5-aminolevulinic acid, a precursor of heme, reduces both fasting and postprandial
glucose levels in mildly hyperglycemic subjects.
Author(s): Higashikawa F(1), Noda M, Awaya T, Tanaka T, Sugiyama M.
Affiliation(s): Author information:
(1)Project Research Center for Clinical Trial and Preventive Medicine, Graduate
School of Biomedical and Health Sciences, Hiroshima University, Hiroshima, Japan.
Publication date & source: 2013, Nutrition. , 29(7-8):1030-6
OBJECTIVE: The aim of this study was to evaluate the combined effects of
5-aminolevulinic acid phosphate (ALA-P) and iron on the glycemic index in mildly
hyperglycemic adults.
METHODS: This double-blind, randomized placebo-controlled trial comprised 212
subjects (ages 35-70 y, fasting plasma glucose 105-125 mg/dL or hemoglobin
(Hb)A1c 6.1%-7.1%). These participants were randomly assigned to four groups
receiving either one of three doses of ALA-P and iron as sodium ferrous citrate
(5 mg and 0.6 mg, 5 mg and 1.8 mg, or 15 mg and 1.8 mg, respectively) or a
placebo, administered orally once a day over a 12-wk period.
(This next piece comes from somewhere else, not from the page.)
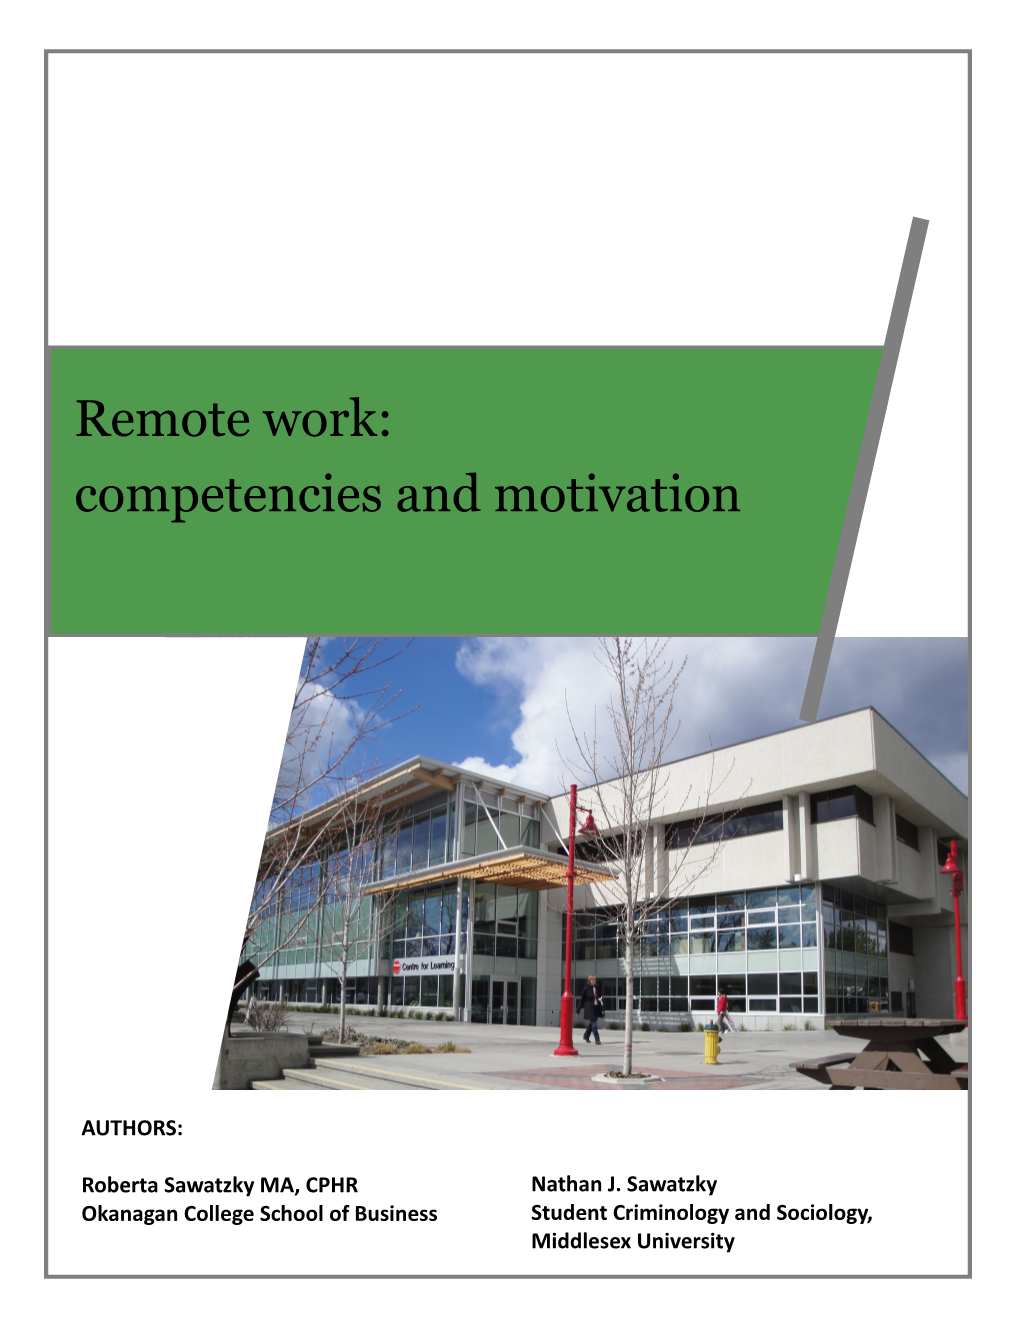 Remote Work: Competencies and Motivation
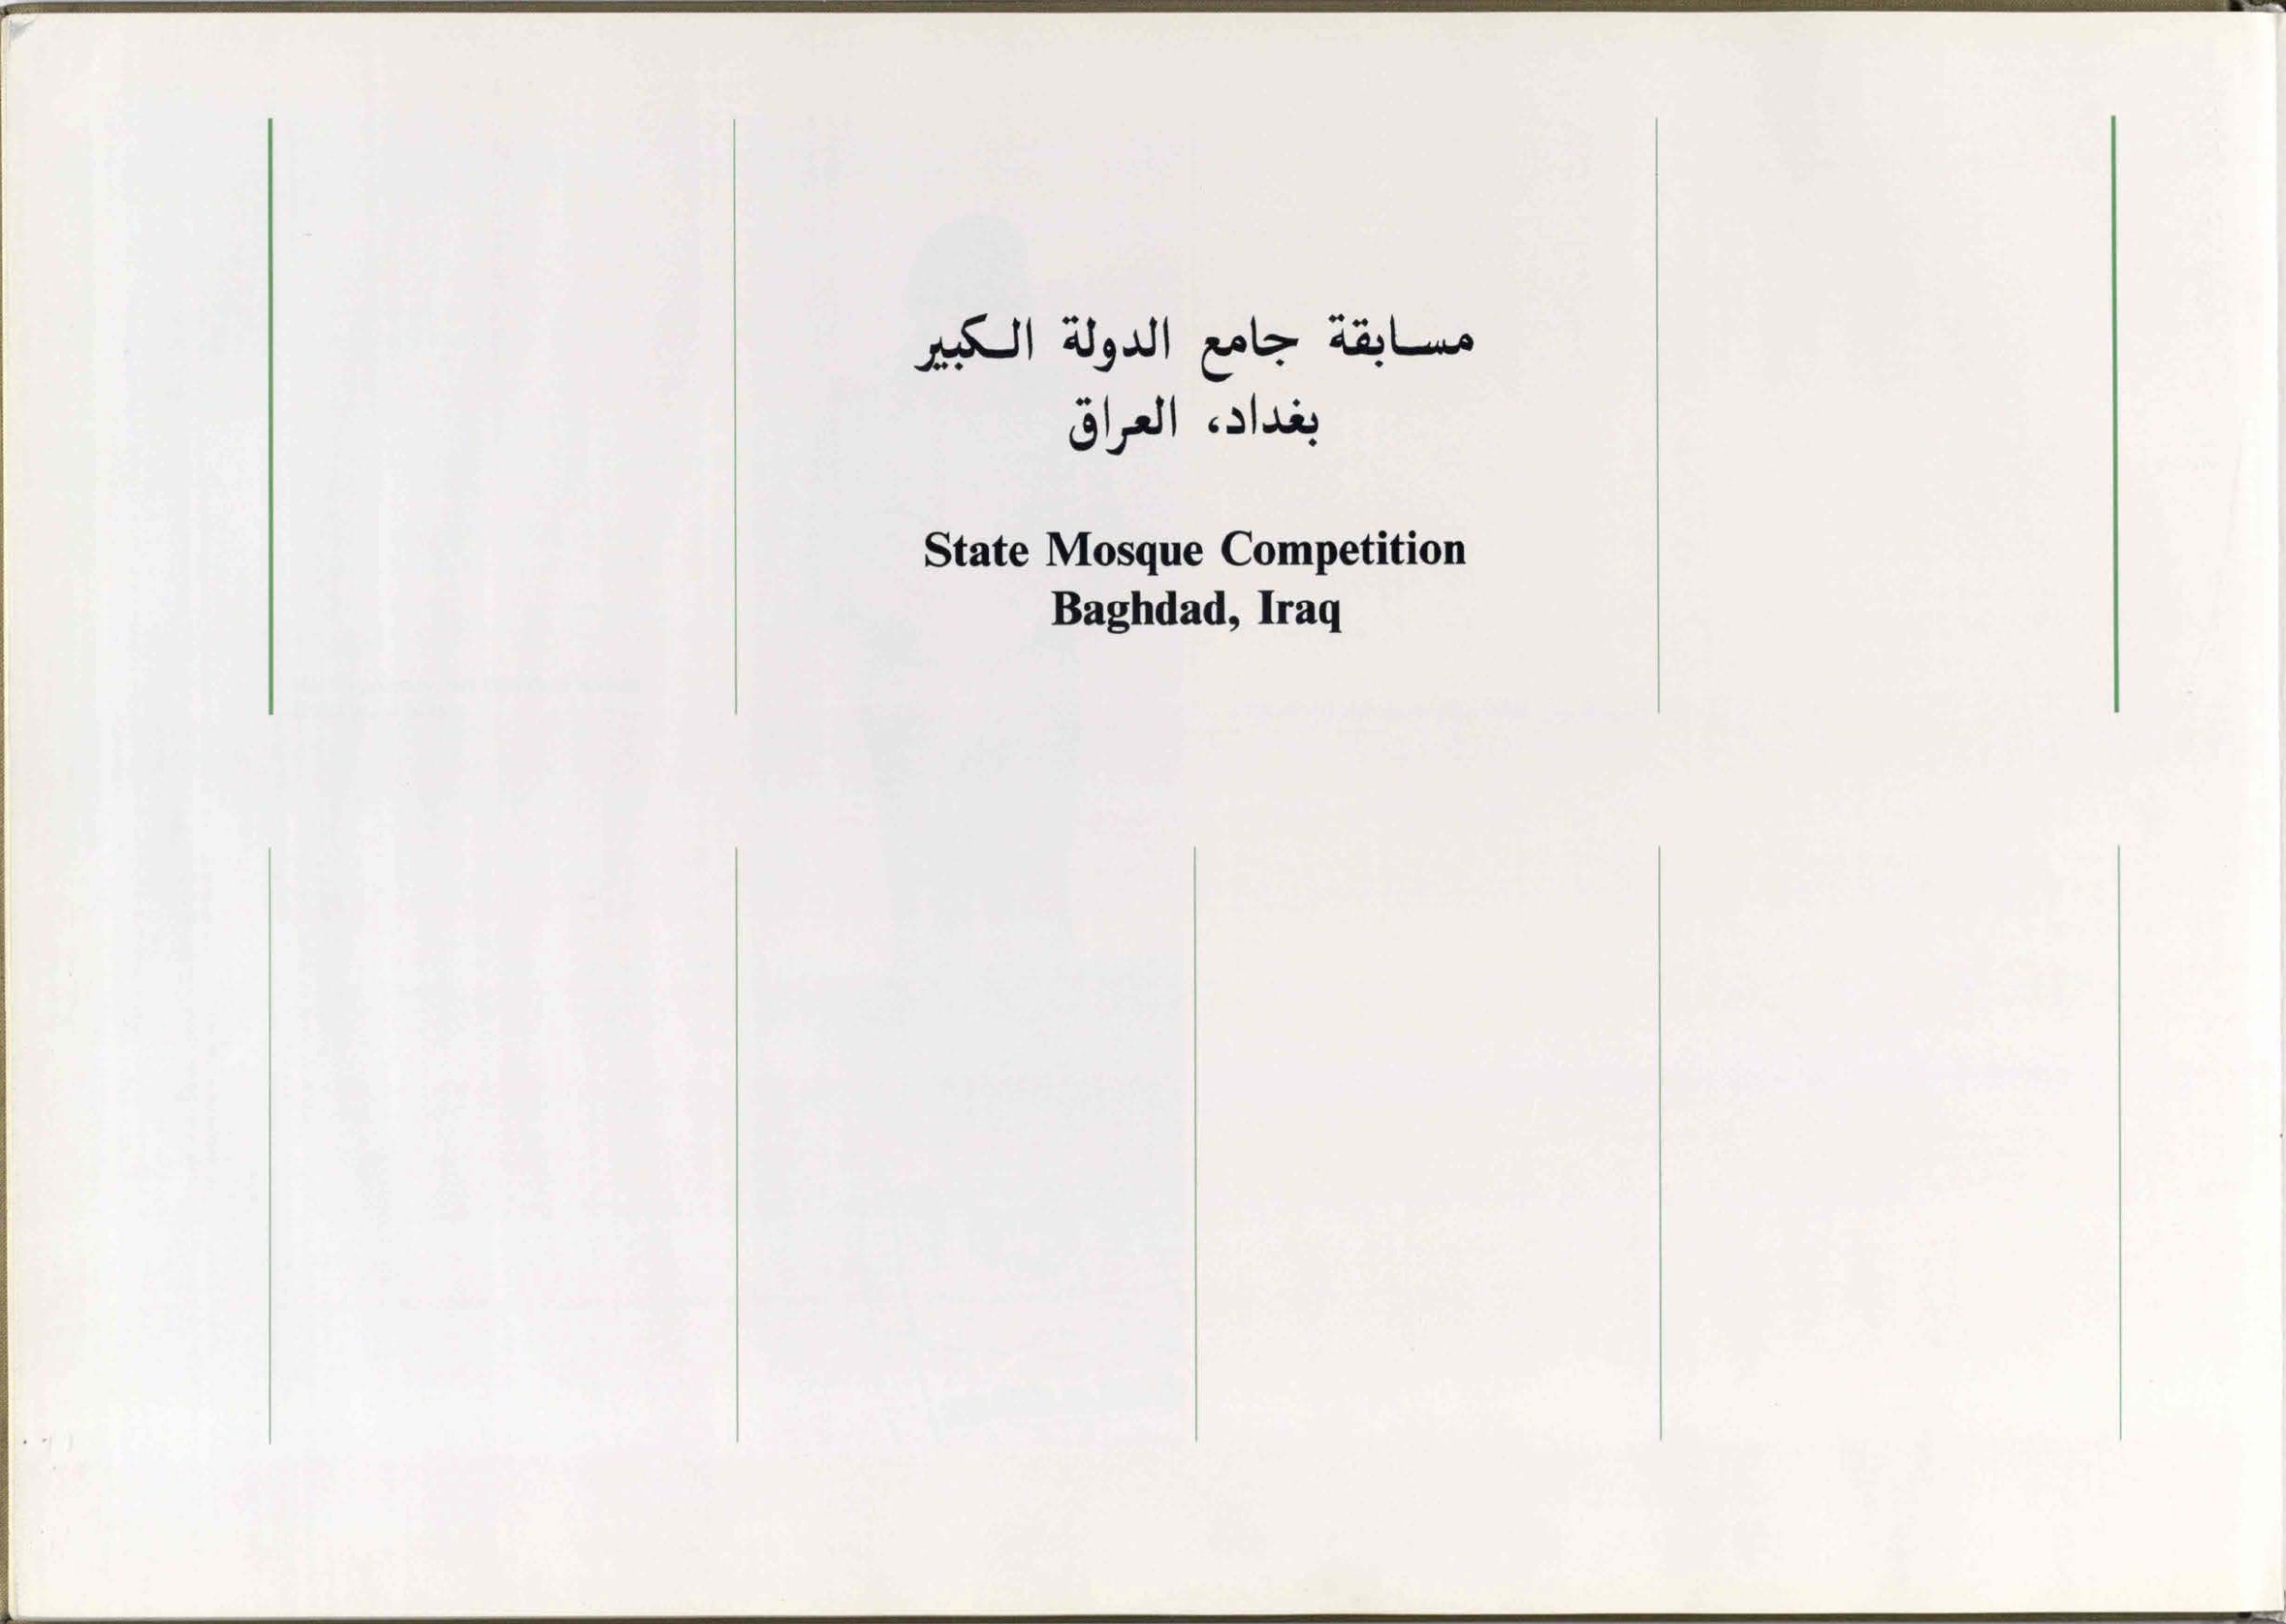 Baghdad State Mosque (Design) - A hardcover, folio-sized 88-page volume published by the government of Baghdad. The book documents the<span style="color: rgb(1, 1, 1); line-height: 16px;">&nbsp;1982-1983 competition to design a State Mosque in Baghdad (project no. 651/328) and the proposals from the seven firms selected to submit designs to the competition.&nbsp;</span><span style="color: rgb(1, 1, 1); line-height: 16px;">The mosque was ultimately never built.</span><div><span style="color: rgb(1, 1, 1); line-height: 16px;"><br></span></div><div><span style="color: rgb(1, 1, 1); line-height: 16px;">The book contains an introduction and Brief to the competition; Design Philosophies and models, plans, and drawings from each of the seven firms; and curriculum vitaes for the firms or architects.<br></span><div><div><span style="color: rgb(1, 1, 1); line-height: 16px;"><br></span></div></div></div><div><span style="color: rgb(1, 1, 1); line-height: 16px;">The text is in both English and Arabic. The pages in this pdf file on Archnet have been arranged to be read more easily in English, and do not appear in the original order as in the text. If you would like to view the original text, or read it in Arabic, please access the record for the&nbsp;</span><a href="https://www.archnet.org/publications/10397/" target="_blank" data-bypass="true">original text</a><span style="color: rgb(1, 1, 1); line-height: 16px;">.</span></div>

RESULTS: Fifteen mg ALA-P plus 1.8 mg iron decreased the fasting plasma glucose
level (2.32 mg/dL, 95% confidence interval [CI], 0.24-4.42, P = 0.029), serum
glycoalbumin (0.22%, 95% CI, 0.02-0.42; P = 0.031), and 2h-oral glucose tolerance
test levels (14.2 mg/dL, 95% CI, 1.8-26.6; P = 0.025) more than the placebo.
However, the levels of HbA1c, fasting insulin, serum 1,5-anhydro-d-glucitol, and
Homeostasis Model of Assessment-Insulin Resistance showed no appreciable changes.
The participant numbers with impaired glucose tolerance and impaired fasting
glucose decreased in the highest dosage group of ALA-P plus iron compared with
the placebo group.
CONCLUSION: An oral intake of ALA would be a novel approach to prevent type 2
diabetes mellitus.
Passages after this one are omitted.